▸ **DATASET RECORDS**:
※ ※ ※

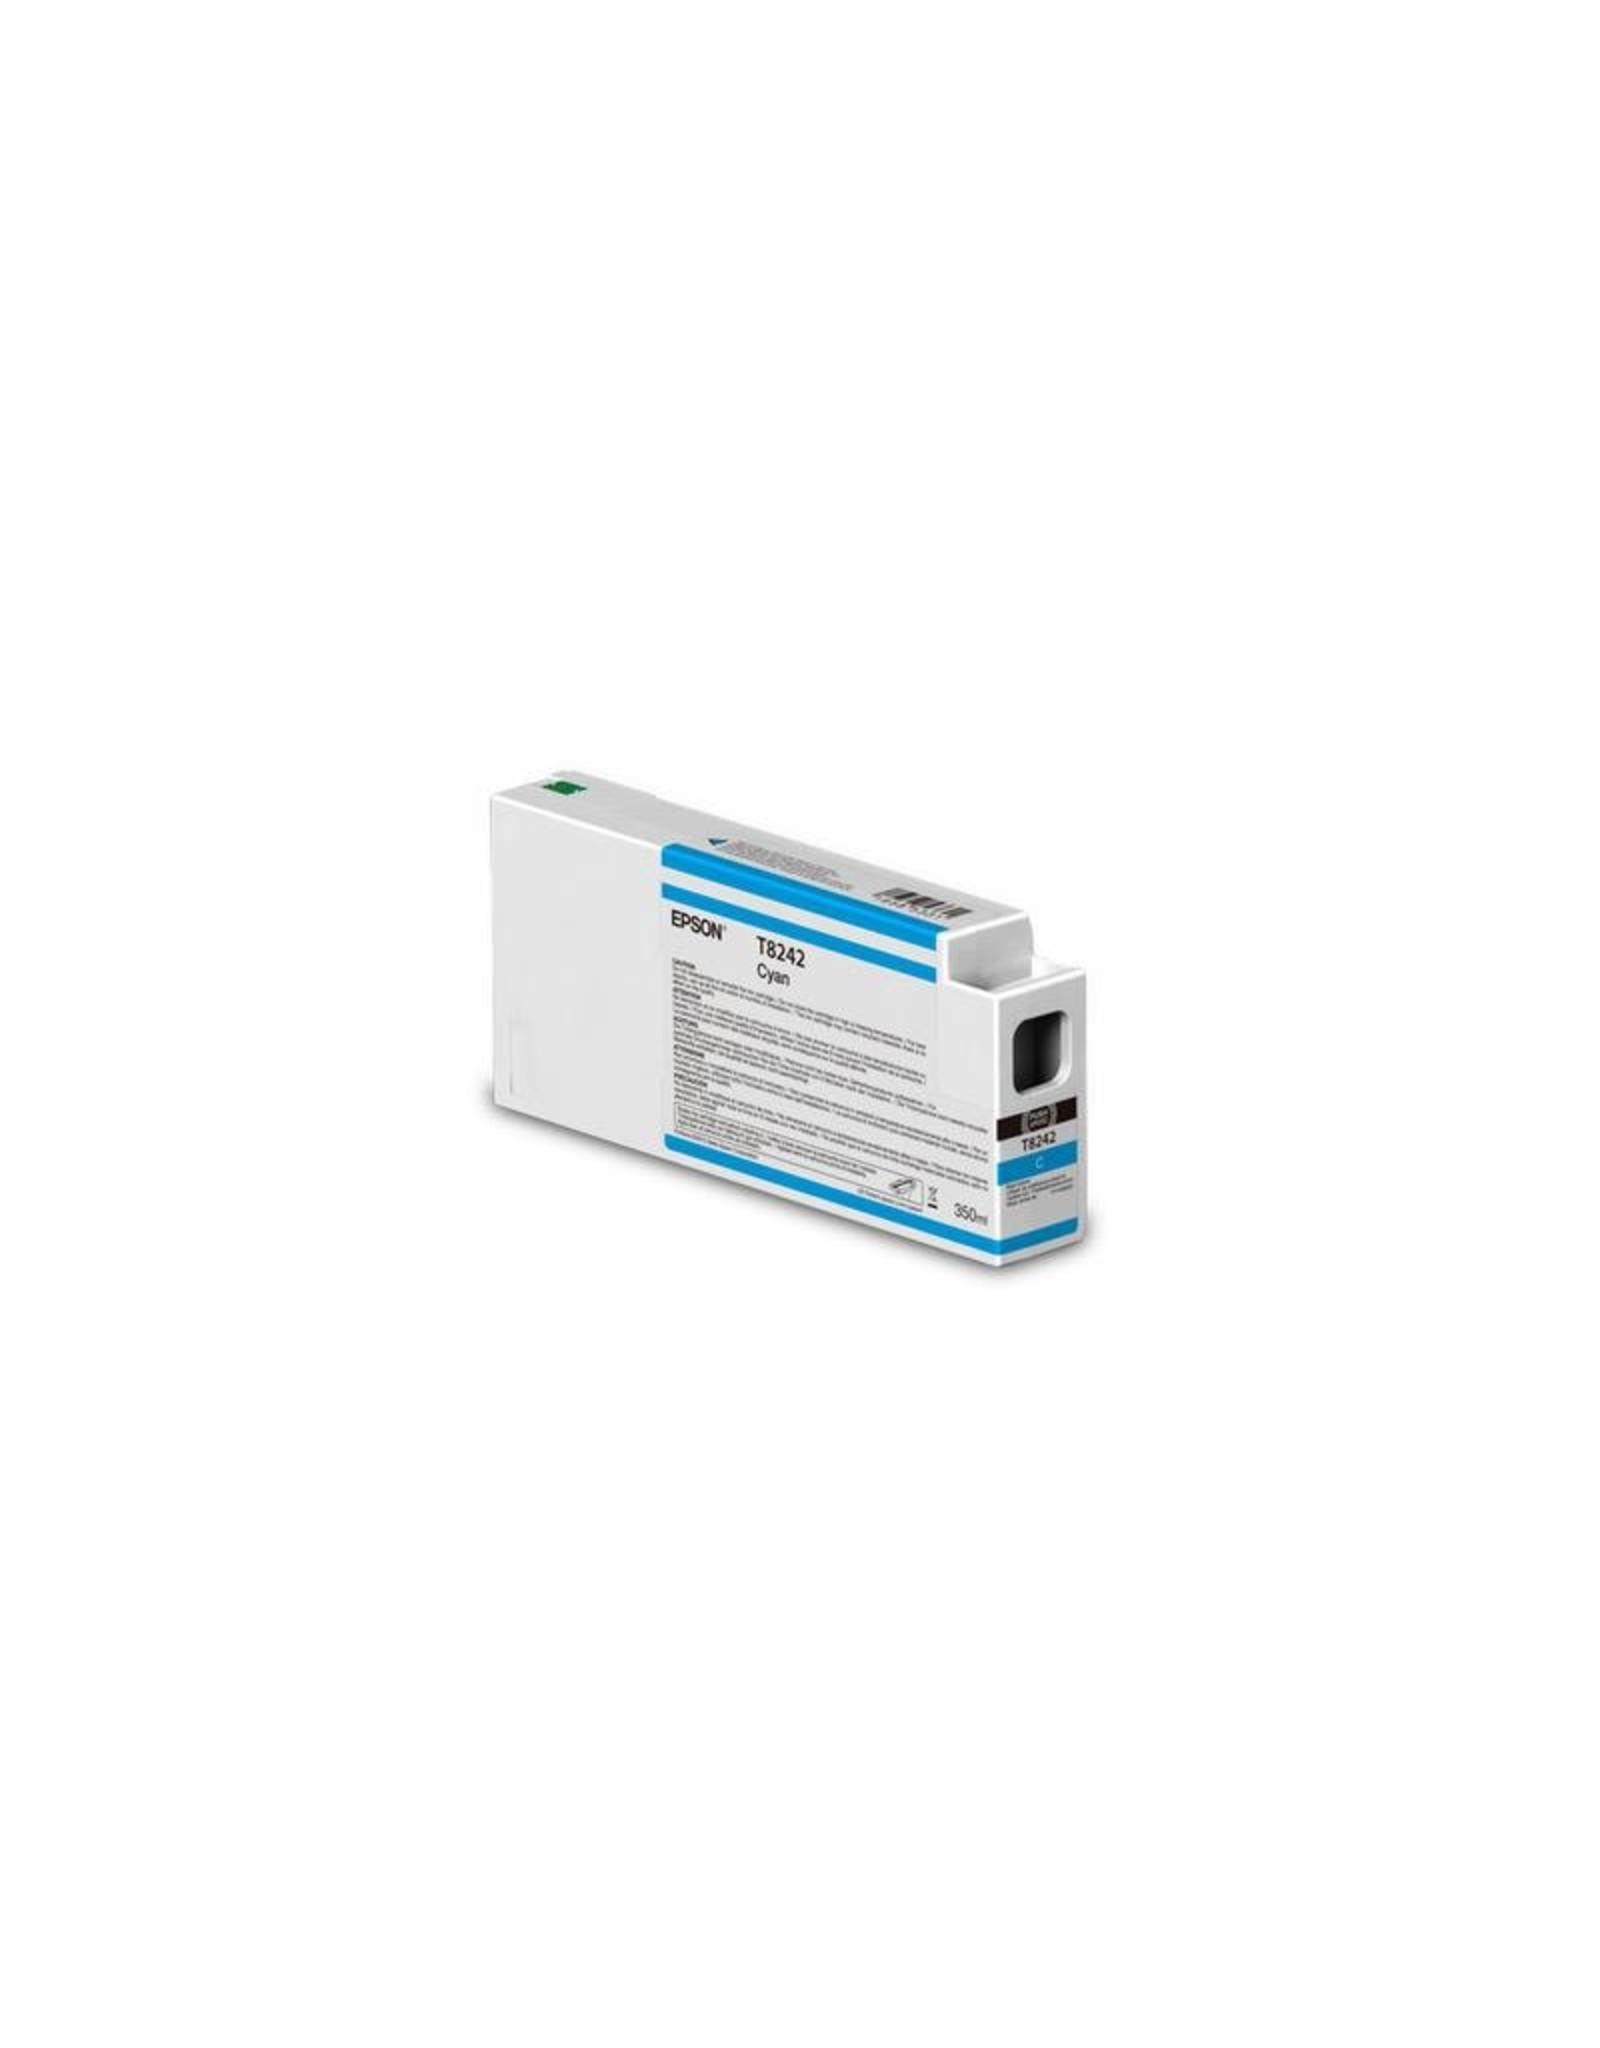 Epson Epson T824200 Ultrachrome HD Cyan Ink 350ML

※ ※ ※

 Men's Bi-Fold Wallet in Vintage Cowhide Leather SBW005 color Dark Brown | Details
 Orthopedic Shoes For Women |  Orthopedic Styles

※ ※ ※

▸ **AIM OF THE EXERCISE**: Give the exact lines, and only those, from the line containing "Men's Bi-Fold Wallet" through the line containing "Orthopedic Shoes For" in the entries above.

▸ **WRITTEN RESPONSE**:
 Men's Bi-Fold Wallet in Vintage Cowhide Leather SBW005 color Dark Brown | Details
 Orthopedic Shoes For Women |  Orthopedic Styles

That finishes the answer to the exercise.